Rooting and Outgroups
- Rooted vs. unrooted trees:
- Rooted: has a direction of time from root to tips.
- Outgroup helps root the tree.
- Outgroup concept:
- An organism outside the ingroup used to determine ancestral vs derived states.
- Provides a reference point to polarize characters.
- Example use: choose an organism clearly not part of the ingroup (e.g., kangaroo for a mammal study) to assign ancestral vs derived states.
Clades, Taxonomy, and Monophyly
- Monophyletic group (clade): includes an ancestor and all its descendants.
- Polyphyletic: group that does not include the most recent common ancestor of its members.
- Paraphyletic: group that includes the most recent common ancestor but not all descendants.
- In modern taxonomy, groups are preferred to be monophyletic (clades).
- Taxonomy uses shared, derived characters to define groups (clades).
Key Concepts and Terms
- Ancestral state (plesiomorphy) vs. derived state (apomorphy).

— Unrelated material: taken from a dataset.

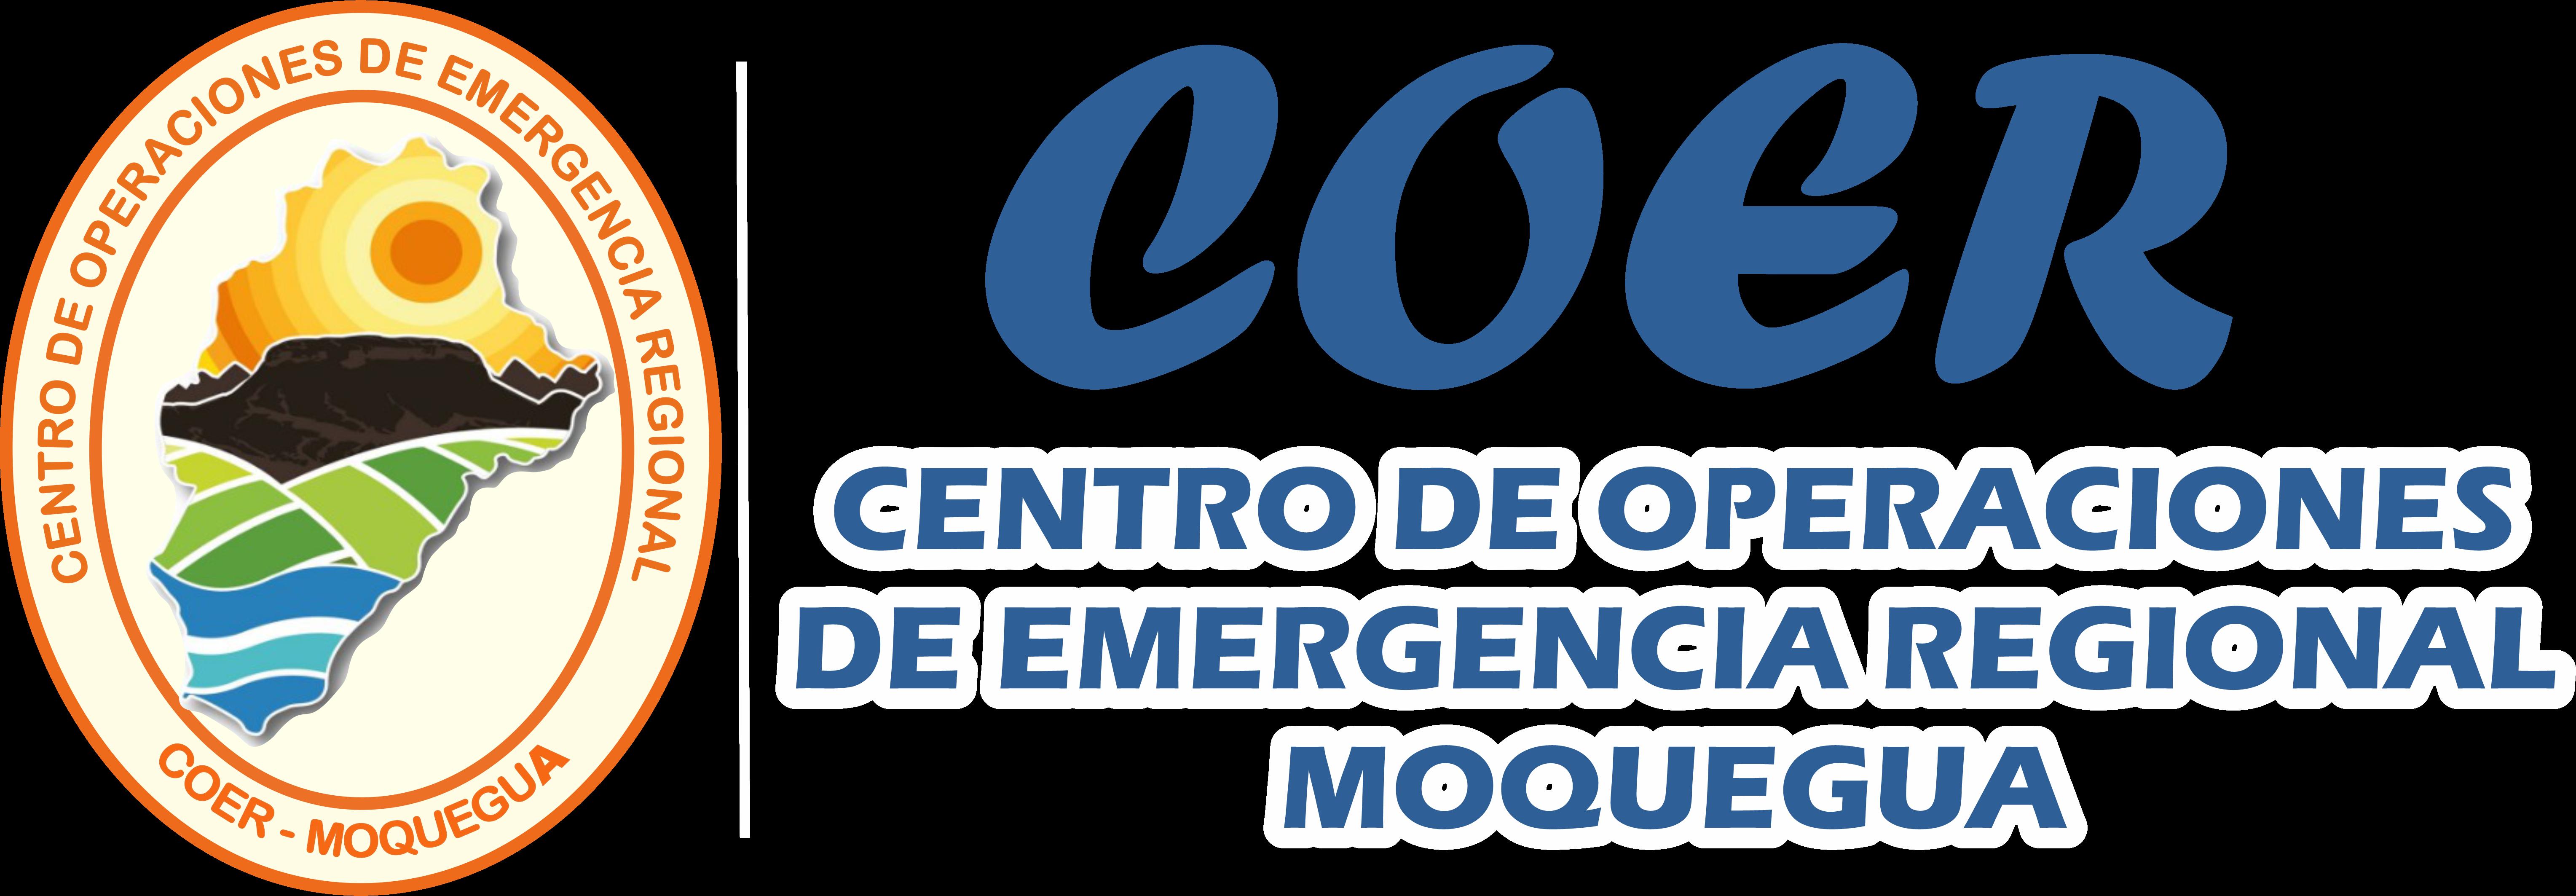 Coer Moquegua
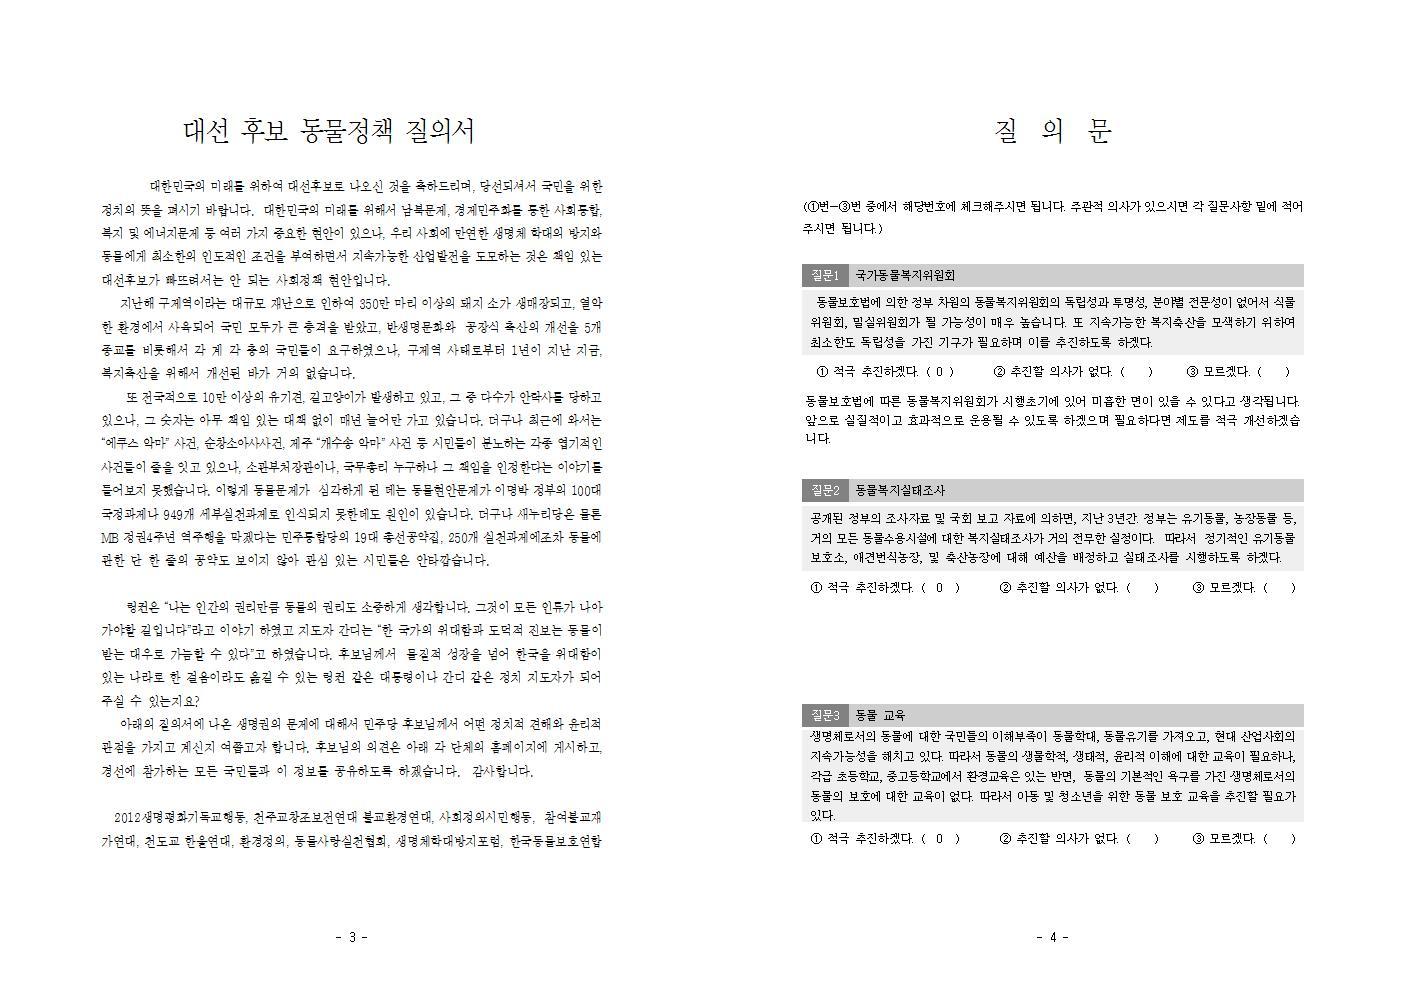 박근혜_동물정책 질의서(회신)002.jpg

- Synapomorphy: a shared derived character helpful for defining a clade.
- Homologous traits: derived from a common ancestor; underlying structure often similar.
- Analogous traits: similar function but not from a common ancestor.
- Outgroup: reference taxon outside the group of interest used to root the tree.
- Ingroup: group of taxa under study.
- Node: hypothetical ancestor; branching point in the tree.
- Branch: lineage segment between nodes.
- Clade: node plus all its descendants.
- Tree topology: the branching relationships among taxa; can be rearranged without changing relationships.
- Parsimony principle: prefer the tree with the fewest changes; the simplest explanation.
Quick Reference Concepts
- How to tell ancestral vs derived states: use outgroup to polarize characters.
- Reading a tree: shared derived states define clades; monophyletic groups are preferred.
- MRCA concept helps identify the origin of shared traits among taxa.
- Common pitfalls: convergent evolution can create similar traits (analogies) that mislead analyses if not identified.
Quick Practice Prompts
- What makes a group monophyletic? (Answer: includes a common ancestor and all its descendants.)
- Why is an outgroup useful? (Answer: helps determine ancestral vs derived character states.)
- How does parsimony guide tree selection? (Answer: choose the tree with the fewest character-state changes.)
- Distinguish homologous vs. analogous traits with an example.